How to Grind Coffee Beans

Whilst some people might be more than happy to drink instant coffee or pre-ground coffee, if you are serious about your coffee then you will want to look into buying a coffee grinder.

Grinding coffee is a simple process, but just like any skill, it can take a few times to achieve the perfect result.

This article attempts to guide you so you can learn more about how to grind coffee beans yourself.

Why is freshly ground coffee better?

If you are looking to achieve a great-tasting cup of coffee it is always considered better to purchase the actual coffee beans rather than purchasing ground coffee from the shops (you can buy coffee beans in our online shop and get your hands on one of the best coffee subscription UK plans).

This is because pre-ground coffee from a packet runs the risk of degrading faster thus becoming stale quicker over time, whereas coffee beans tend to last longer due to still having its protective shell reducing the oxidizing effect.

By manually grinding the beans yourself before making a brew ensures a fresh cup every time.

Grinding the beans yourself also offers more control over the coarseness which can massively impact the flavour of your coffee.

Choosing your coffee grind consistency

One common question when it comes to grinding coffee is just how fine to grind the coffee beans. There are a variety of different grinds that you can aim for. Coarse is when you leave the largest granules of coffee left at the end of the grind. You will often aim for coarse if you are using a cafétiere or a percolator to make your coffee.

A medium grind will feel just like granulated sugar and you will want to opt for this if you have a drip coffee machine, such as the Hario V60 coffee dripper. That said, you can also use this grind for other brewing methods, but it is not suitable if you want to make an espresso.

You can also choose to have a fine grind on your coffee beans. This is the ideal grind for espressos and has a real powdery consistency. This coffee grind is not just ideal for espresso makers but is great for flip drips and filter brews too.

To summarise:

Coarse Ground Coffee

A grind commonly used for French press coffee and is also the best grind for percolators. It is often the same consistency as heavy grained Kosher salt.

Medium Ground Coffee

Great as drip coffee. It is also considered the standard grind consistency for what is found in supermarkets.

Fine Ground Coffee

This type of grind is similar to that of powdered sugar and is needed for making a shot of espresso or for Moka pot coffee (see the Bialetti Moka Pot in our shop).

Choosing your grinder: the different types

Before grinding your coffee, you will also need to decide which type of grinder to use. There are many different types of coffee grinders that are available, here are a few we listed down below:

Blade Grinders

Often associated with the high-speed whirring noise. They are often the cheapest grinders that you can buy and are readily available in many high street stores.

The thing to remember about these particular types of grinders is that whilst they will work, they do not always offer the most precise method and you can find that they hack up and slice the beans rather than creating a fine grind that is ideal for your coffee.

Burr Grinders

The second option is a burr grinder.
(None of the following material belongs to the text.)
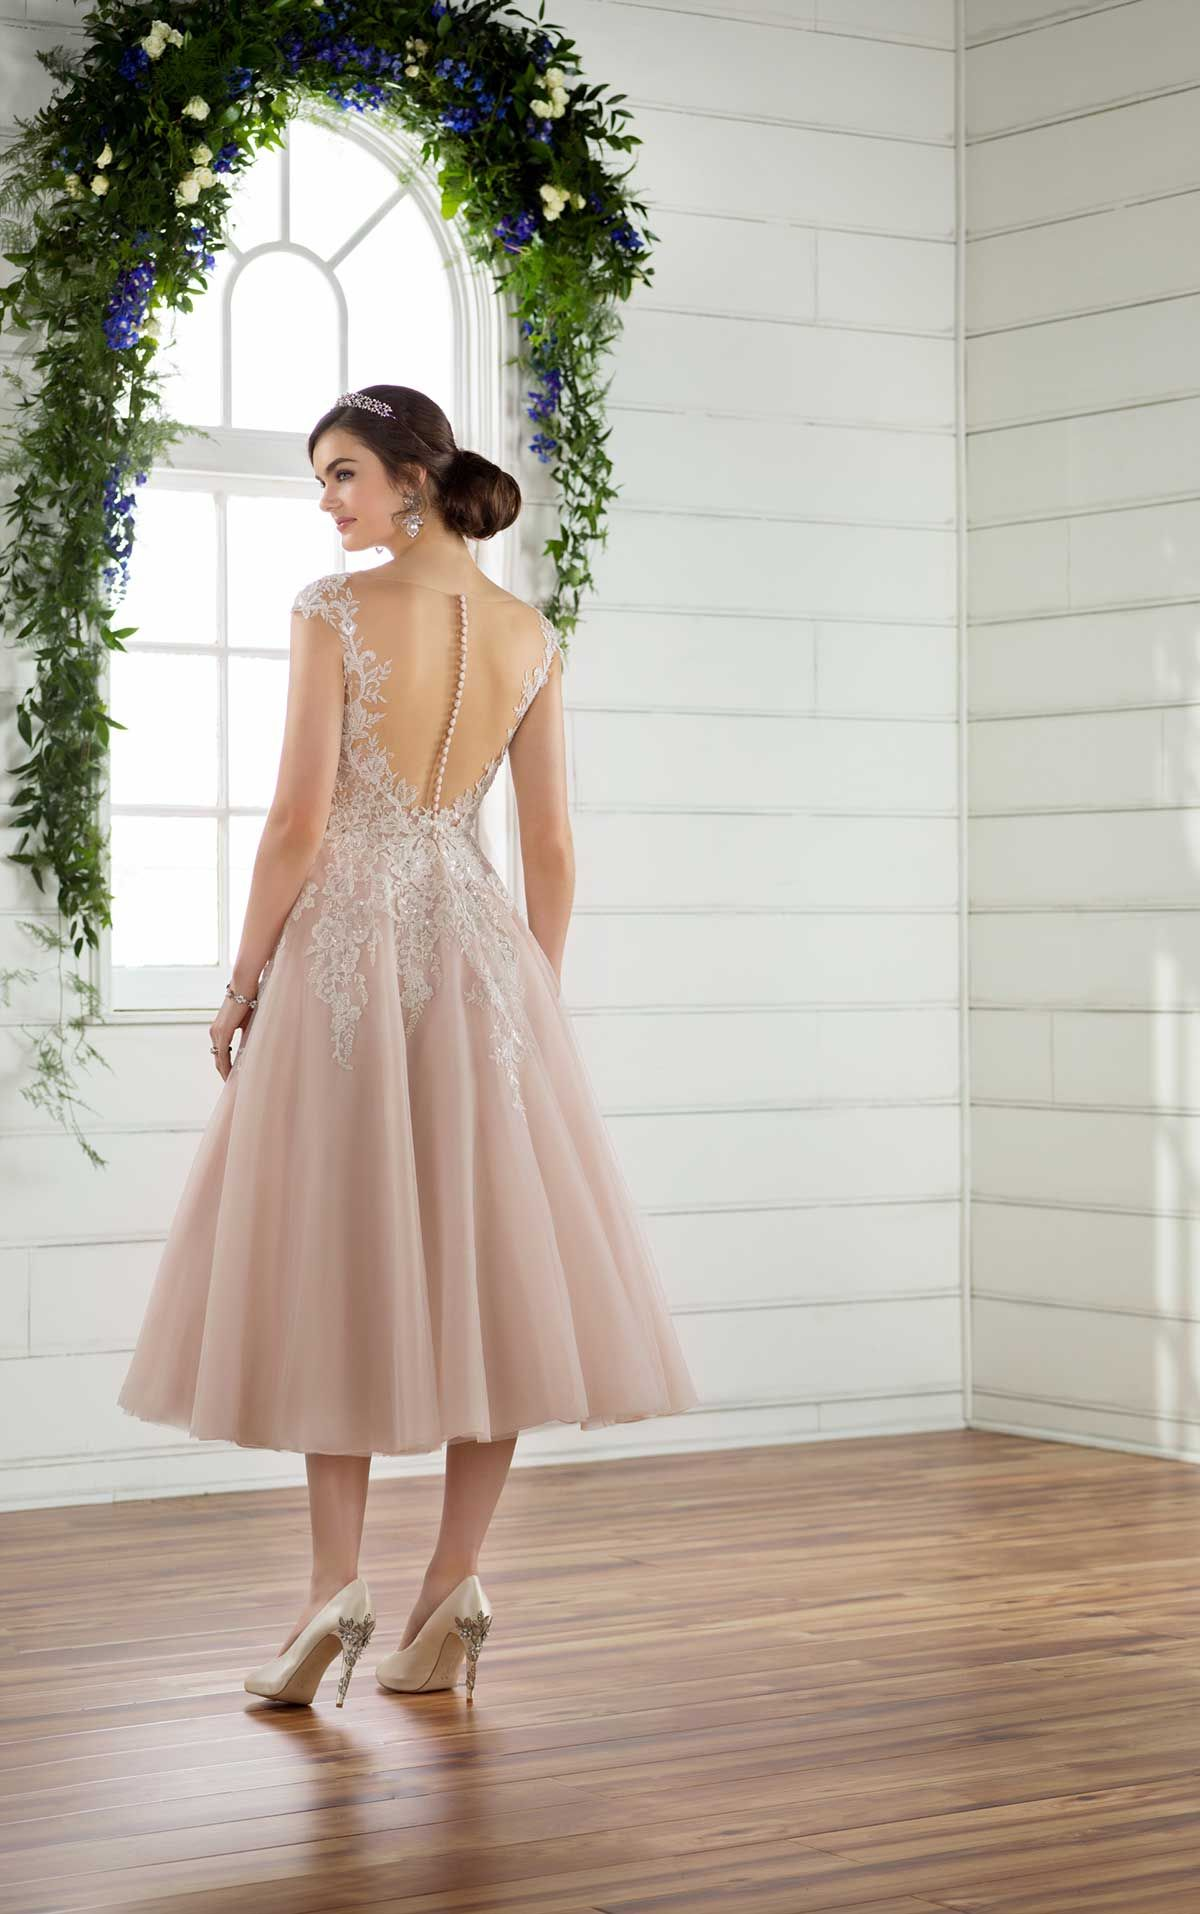 Short And Sweet Wedding Dress Short Wedding Dress Short Lace Wedding Dress Sweet Wedding Dresses [ 1914 x 1200 Pixel ]

These types of grinders can be more expensive to buy, however, they are more consistent. Burr grinders use two spinning disk that will essentially smash the coffee beans into a precise and uniformed grind. Burr grinders also offer you the flexibility to adjust the grind from coarse to fine so that it best suits your preferred method of brewing coffee.

They are ideal for grinding your own coffee at home, however, one thing that you will want to keep in mind is that these grinders can become very hot during use and if you leave your beans in there too long then you can find that you burn the beans and ruin their flavour.

Hand/Manual Coffee Grinders

If you are opting for more of a traditional approach on how to grind coffee, then another option you may want to consider is a manual coffee grinder. These grinders come in all shapes and sizes and although they can be hard work, manual grinders offer a cost-effective way on grinding coffee beans yourself.

One element you will want to consider with manual coffee grinders is that when buying one, do ensure it comes with a good quality grip.

How to grind coffee beans

Once you have chosen your coffee equipment and the grind size, try to plan around grinding your coffee just before you decide to brew it. This ensures that your coffee will be fresh and taste better.

Once you are ready to start brewing, the grind can begin! Simply load up your coffee grinder with about two tablespoons of coffee beans per cup (this also depends on how strong you want your coffee!).

Place the beans in your grinder and follow your manufacturer’s instructions.

Note: If you are using a blade grinder, then don’t forget to lift the coffee grinder to give it a little shake between pulses, this will free up the beans while they are still in the machine.

Whether you want to use an electric grinder (which believe us is considerably easier) or perhaps go for something that is a little more manual, either way we can promise you that grinding your own coffee is both satisfying and absolutely worthwhile!

Now you know more about how to grind coffee beans, it’s up to you to decide how fine you will want your ground coffee to be.